At the moment, a strong majority of Americans holds Mr. Trump responsible for the attack, with 63 percent saying he has a good amount or even a great deal of blame, according to a PBS Newshour-Marist poll. But when asked whether steps should be taken to remove him from office as a result, Americans retreated to their partisan corners, with 48 percent saying yes and 49 percent saying no.
A Reuters-Ipsos survey found that 57 percent of Americans want Mr. Trump to leave office right away. But most of them favored removal by Vice President Mike Pence and the cabinet through the disability clause of the 25th Amendment, with just 14 percent calling for another impeachment.
Mr. Trump has few defenders among Republicans for his actions exhorting the crowd before it marched on the Capitol and even some in the conservative news media turned on him, most notably The Wall Street Journal editorial page, which called his actions “impeachable” and urged him to resign.
But in the face of impeachment threats, some Republicans began taking up the fight against his opponents again. They may not like him or believe it is politically viable to be seen as excusing his behavior but are still energized by battling his enemies on the left.
On Sean Hannity’s Fox News program on Friday night, Senator Lindsey Graham, Republican of South Carolina, who was accosted by Trump supporters at an airport for opposing the president’s efforts to overturn the election, was suddenly back to castigating Mr. Trump’s rivals and talking about Hunter Biden.

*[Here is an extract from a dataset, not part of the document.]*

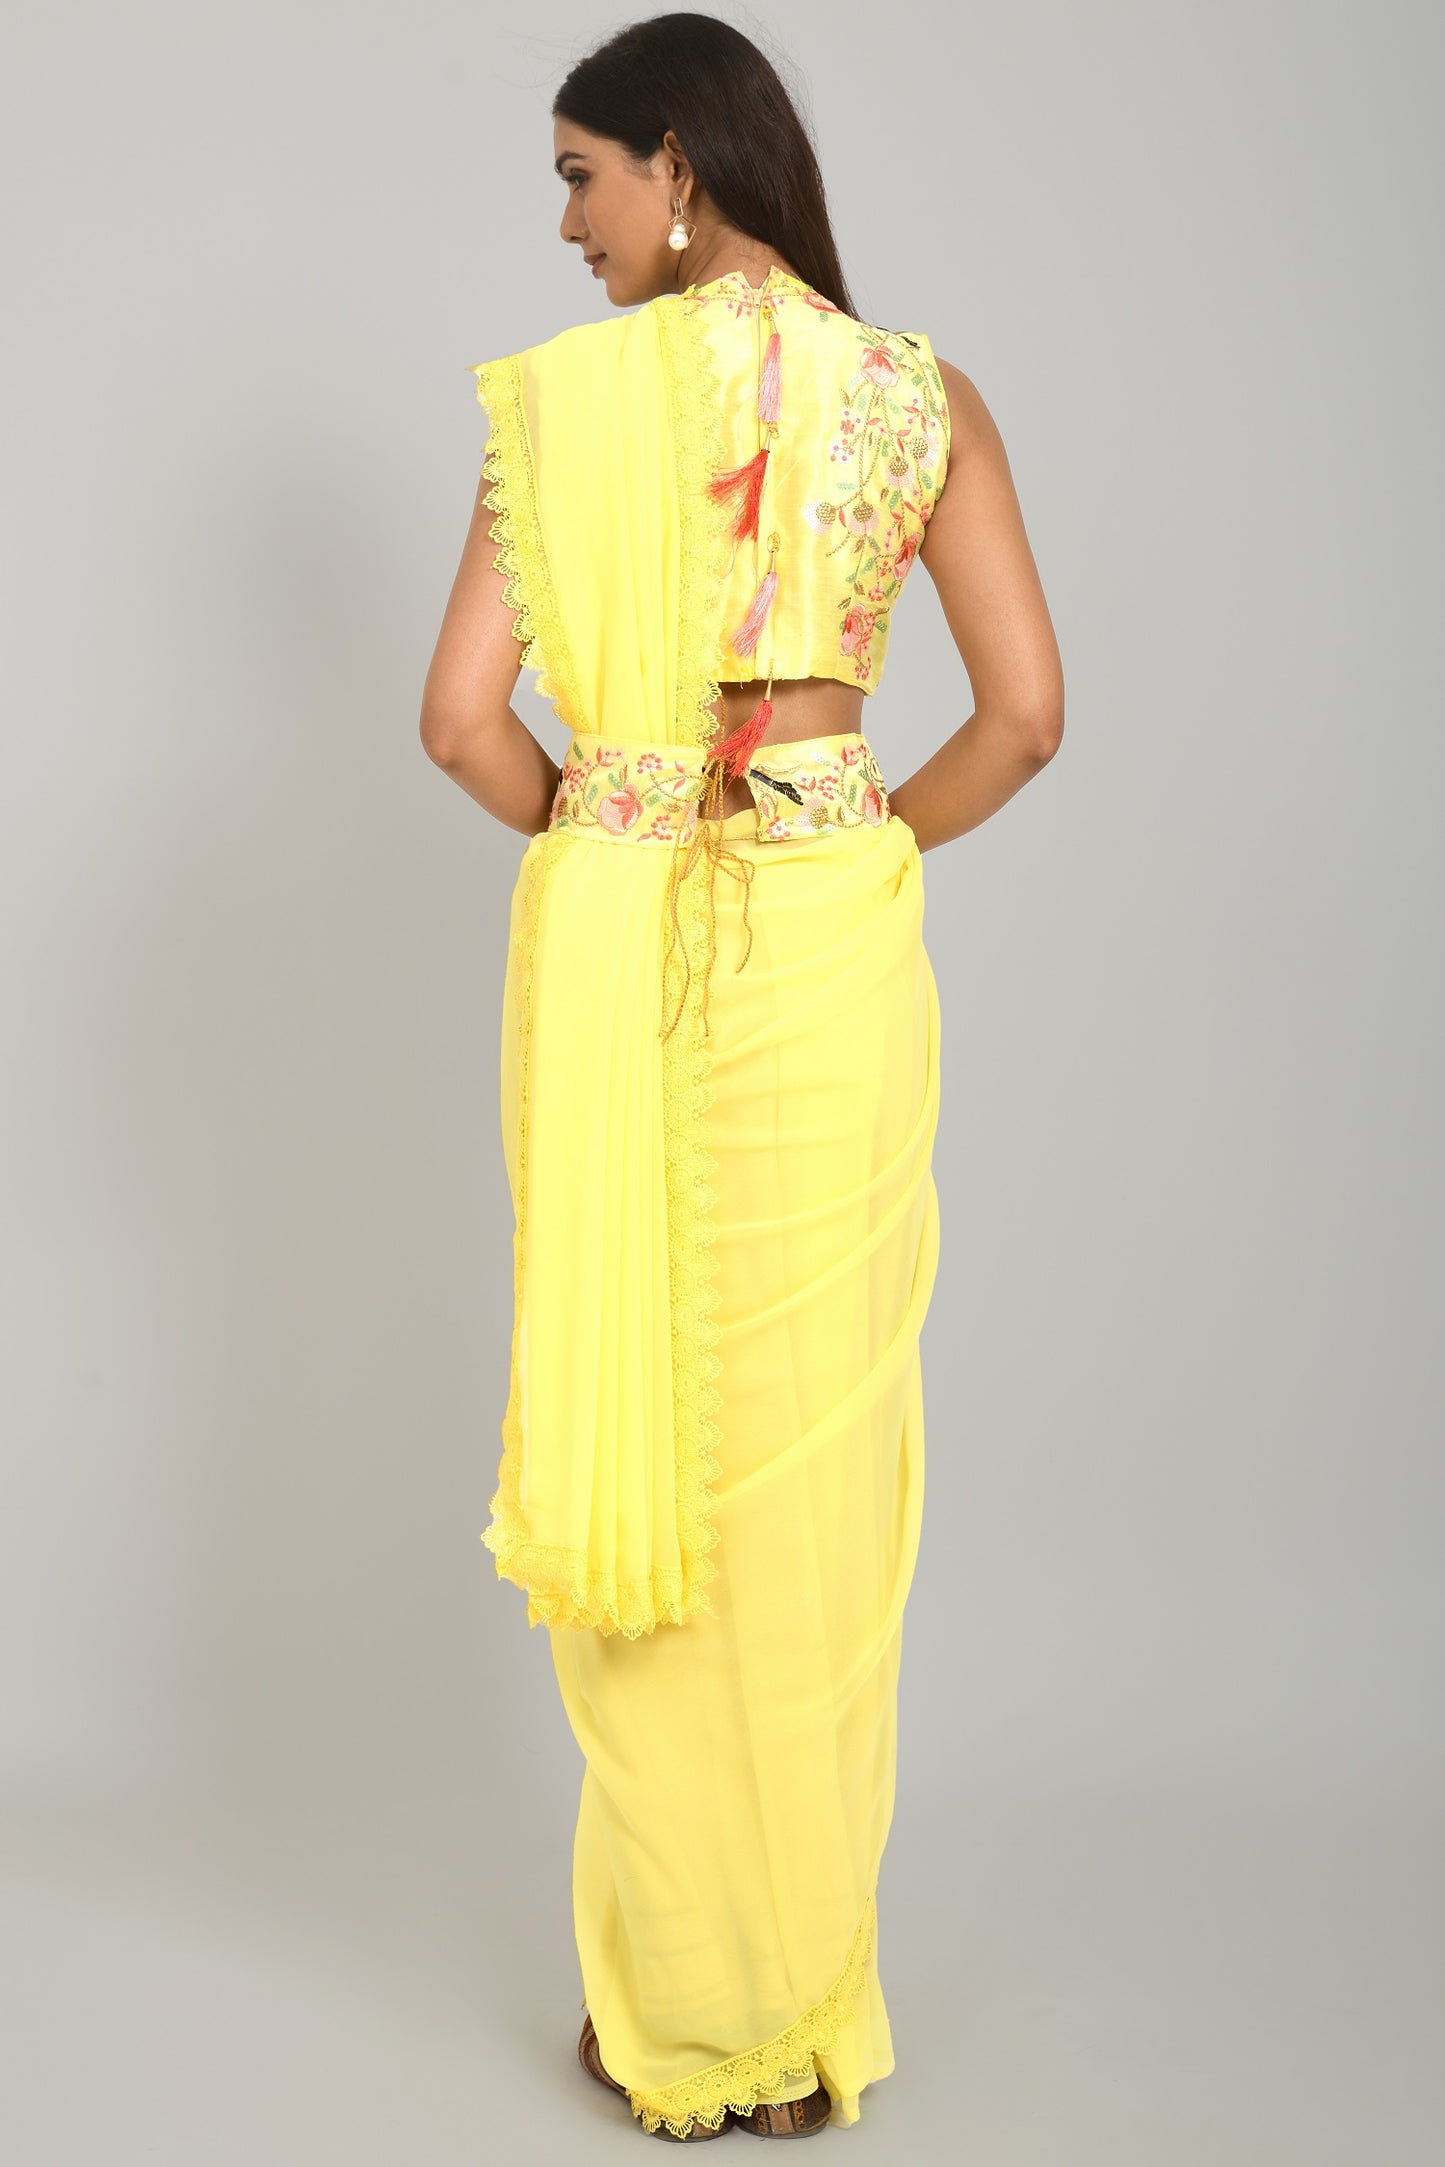 Buy Yellow Sarees Online at Best Prices In India

Mr. Graham focused on Mr. Trump’s video message Thursday calling for healing and reconciliation, a video the president privately expressed regret for making. “Instead of trying to match what President Trump has done, the radical Democrats are talking about another impeachment that will destroy the country even further,” Mr. Graham said.

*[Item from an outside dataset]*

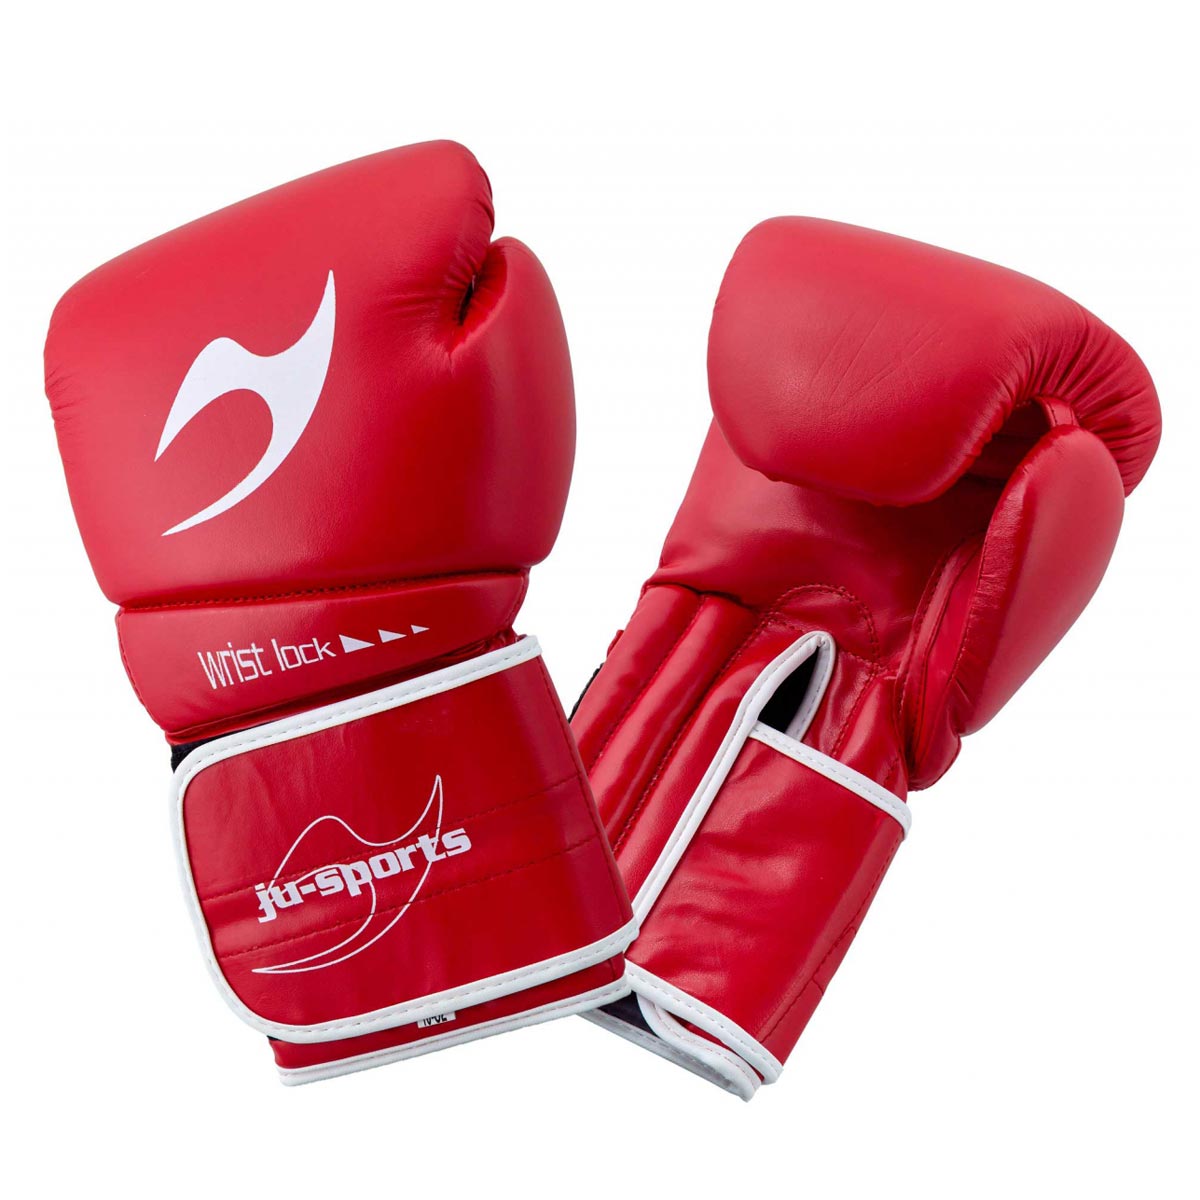 Oz Leather Boxing Re-AFR_000764_H2 ju- Sports Competitor 10 Pro Gloves C16

Still, Mr. Trump might have a challenge finding lawyers to defend him in any trial. Jay Sekulow, his personal lawyer who was a leader of the defense team in the impeachment trial last year, has not participated in Mr. Trump’s legal efforts to overturn Mr. Biden’s election. Pat A. Cipollone, the White House counsel who teamed up with Mr. Sekulow, has been so upset about the Capitol attack that he has considered resigning.
One of the few members of his defense team who said he would stick with the president was Alan M. Dershowitz, a Harvard Law School emeritus professor who had a secondary role last time. In an email on Saturday, he said he would defend Mr. Trump on free speech grounds.
“Trump’s speech, whatever one may think of it on the merits, is clearly protected by the First Amendment,” he said. “To impeach him for a constitutionally protected speech would violate both the first Amendment and the constitutional criteria for impeachment and would do enduring damage to the Constitution.”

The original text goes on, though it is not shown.